First is a pledge not to invest in platforms that fail to protect children, that “create division in society,” and that “promote anger or hate.”
Second is to recognize the Unilever brand as a content creator that can and will focus on “tackling gender stereotypes in advertising,” using the promotional tool #Unstereotype. The new campaign also seeks to gather industrywide support through #Unstereotype Alliance.
The third leg of the strategy involves establishing norms for digital infrastructure with a focus on improving the consumer experience. Unilever has already done much of the heavy lifting on this score. Over the past three years, the company has established concentrated its efforts on the three “V’s” of viewability, verification and value (breaks added for readability):
…In viewability we have established and implemented industry leading viewability standards, including working with Group M and others on a new display news feed standard, and we are in the final stages of research to establish news feed video standards.
For verification – we are successfully working with third party to verify our media across all platforms across the globe.

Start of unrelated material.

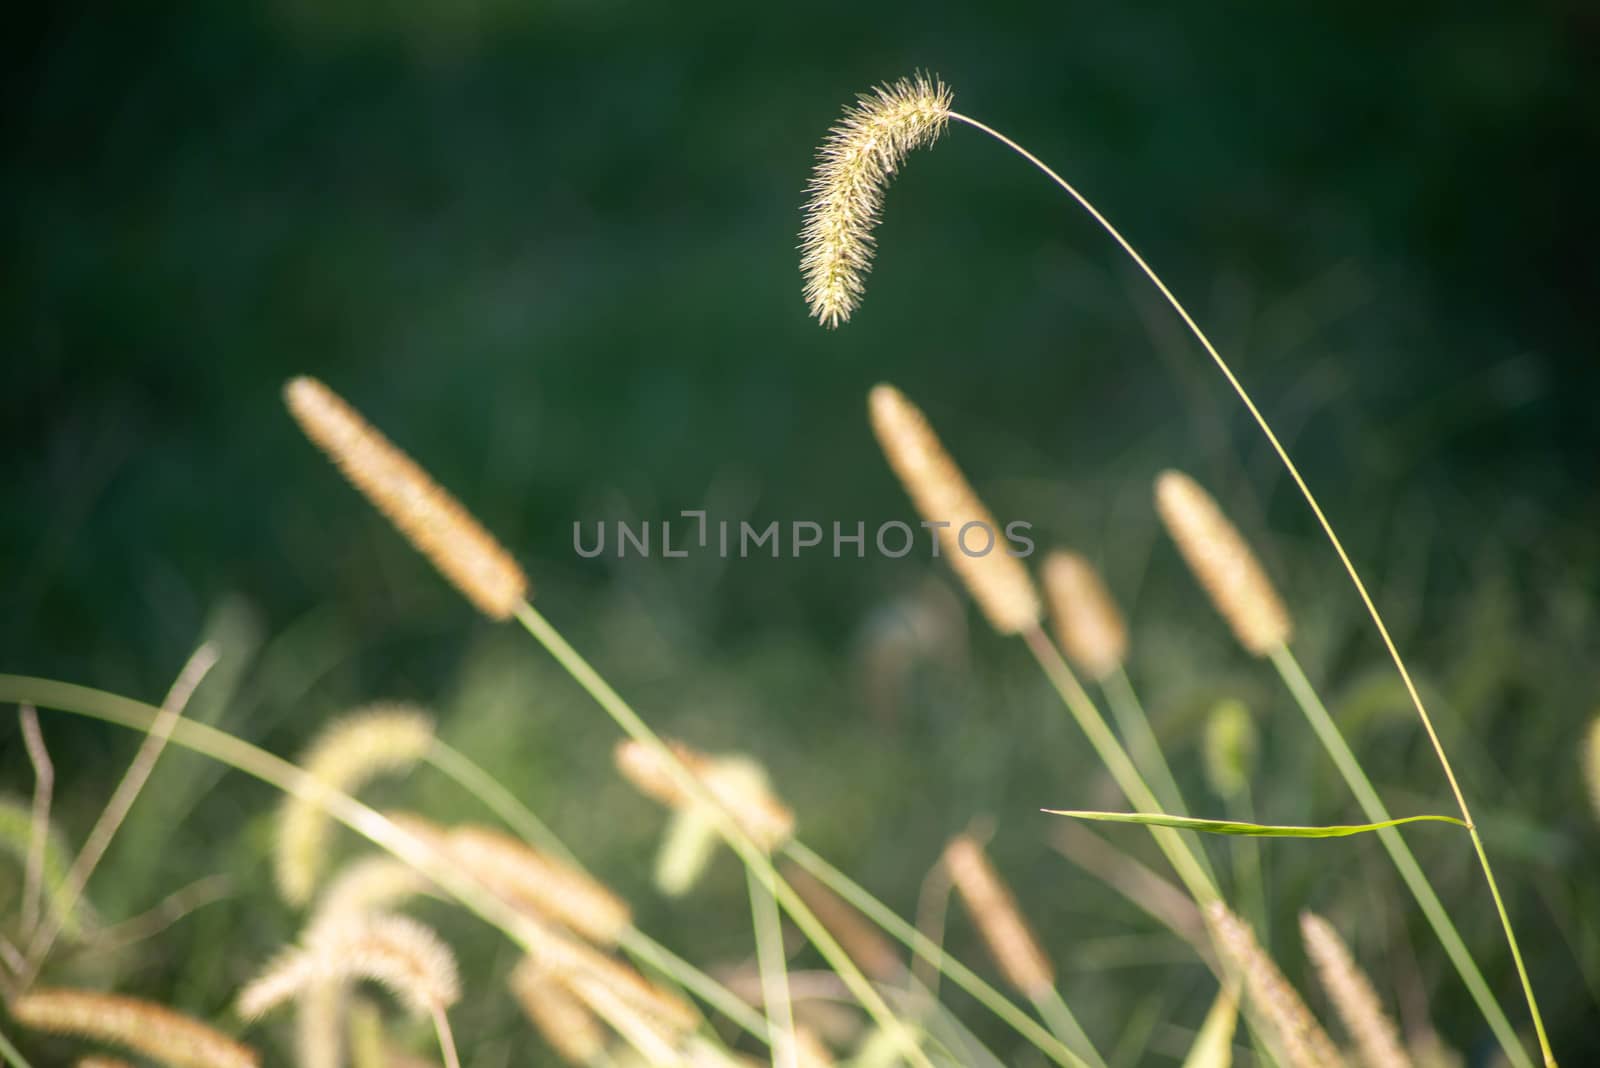 Full frame image of a swooping cattail, soft and gentle in the foreground. Selective focus with tranquil green bokeh background and copy space.

All leading to greater value from our media spend. Our position here has not changed. And there is still more to do. But ultimately, these are table stakes.
To put all this in a bottom line context, Unilever is facing global competition from a new wave of “disruptive brands” such as Halo Top ice cream in the US.
By taking on social media, Russia — and President Trump — Unilever has seized control of the global narrative in a way that would be difficult if not impossible for emerging brands to imitate.
It remains to be seen whether other leading brands follow Unilever as it steers the CSR ship into the gathering storm of a global political crisis.